The guide was written for the rPI, but what we're interested in is OpenMAX
bellagio and the configuration switches that enable OpenMAX IL encoders.



On 24 July 2018 at 12:01, Lukas Obermann <obermann.lukas at gmail.com> wrote:

> Hello Dennis,
>
> thank you for your help! Much appreciate it.
>
> Using your command I get a 1.9x speed. So a slight improvement, but not
> much.
> I pasted the debug output here, maybe you can see something usefull?
> https://pastebin.com/W0KKjZbN <https://pastebin.com/W0KKjZbN>
>
> ad 1. Yes, there is the onboard intel device and 6 of those RX570 that in
> the end I want to have all transcode stuff in parallel.
>
> lukas at transcoder:~$ vainfo --display drm --device /dev/dri/card1
> libva info: VA-API version 1.1.0
> libva info: va_getDriverName() returns 0
> libva info: Trying to open /usr/lib/x86_64-linux-gnu/dri/
> radeonsi_drv_video.so
> libva info: Found init function __vaDriverInit_1_1
> libva info: va_openDriver() returns 0
> vainfo: VA-API version: 1.1 (libva 2.1.0)

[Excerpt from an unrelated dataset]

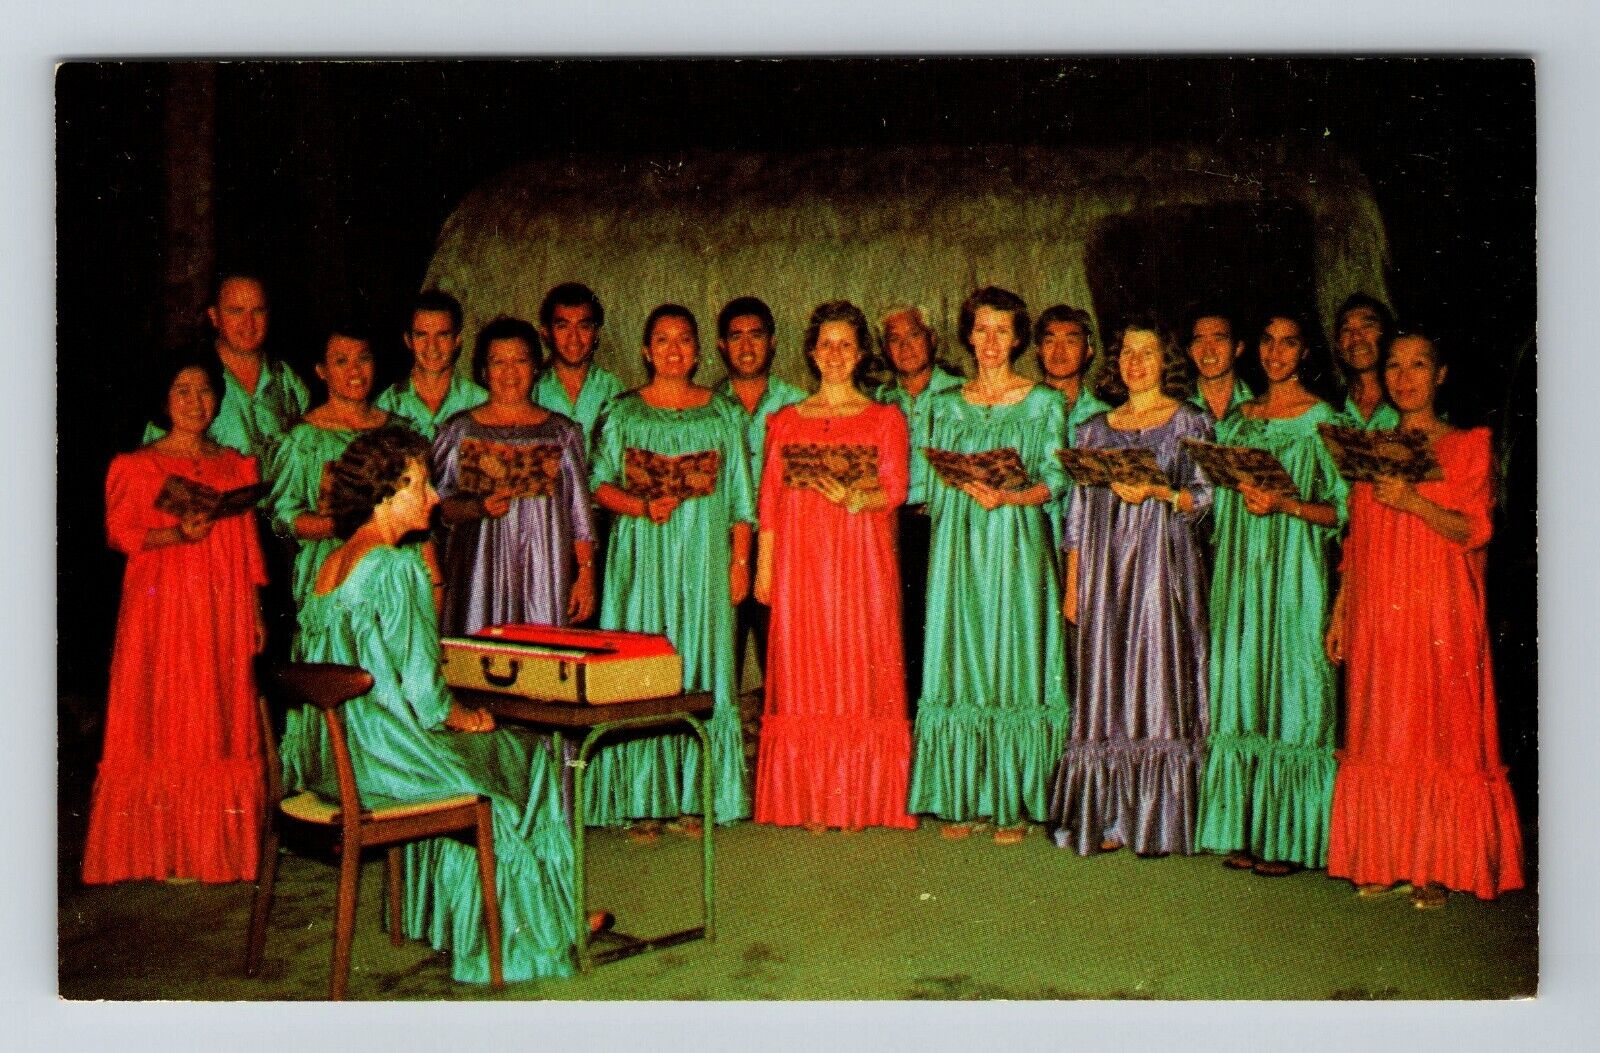 Kona HI-Hawaii, The Ohana Choir, Church Hymns And Choir, Vintage Postcard
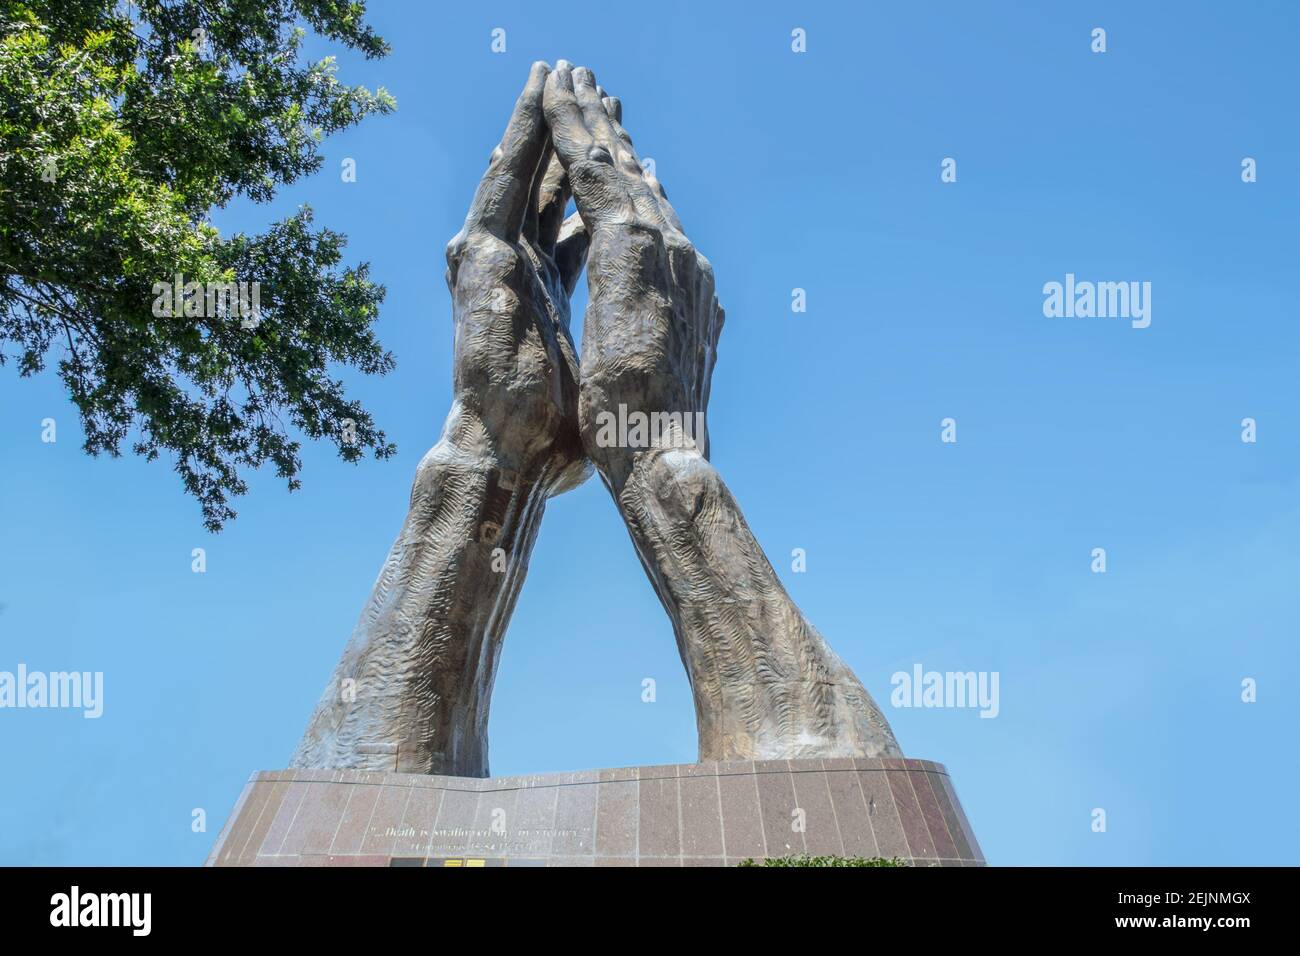 06-11-2020 Tulsa USA - statue de main de prière géante à Oral Roberts University - lit la mort est avalée dans la victoire - contre le ciel bleu avec arbre Banque D'Images

> vainfo: Driver version: mesa gallium vaapi
> vainfo: Supported profile and entrypoints
>       VAProfileMPEG2Simple            : VAEntrypointVLD
>       VAProfileMPEG2Main              : VAEntrypointVLD
>       VAProfileVC1Simple              : VAEntrypointVLD
>       VAProfileVC1Main                : VAEntrypointVLD
>       VAProfileVC1Advanced            : VAEntrypointVLD
>       VAProfileH264ConstrainedBaseline: VAEntrypointVLD
>       VAProfileH264ConstrainedBaseline: VAEntrypointEncSlice
>       VAProfileH264Main               : VAEntrypointVLD
>       VAProfileH264Main               : VAEntrypointEncSlice
>       VAProfileH264High               : VAEntrypointVLD
>       VAProfileH264High               : VAEntrypointEncSlice
>       VAProfileHEVCMain               : VAEntrypointVLD
>       VAProfileHEVCMain10             : VAEntrypointVLD
>       VAProfileJPEGBaseline           : VAEntrypointVLD
>       VAProfileNone                   : VAEntrypointVideoProc
>
> lukas at transcoder:~$ ls -la /dev/dri/
> total 0
> drwxr-xr-x   3 root root       340 Jul 23 15:47 .
> drwxr-xr-x  19 root root      5020 Jul 23 15:47 ..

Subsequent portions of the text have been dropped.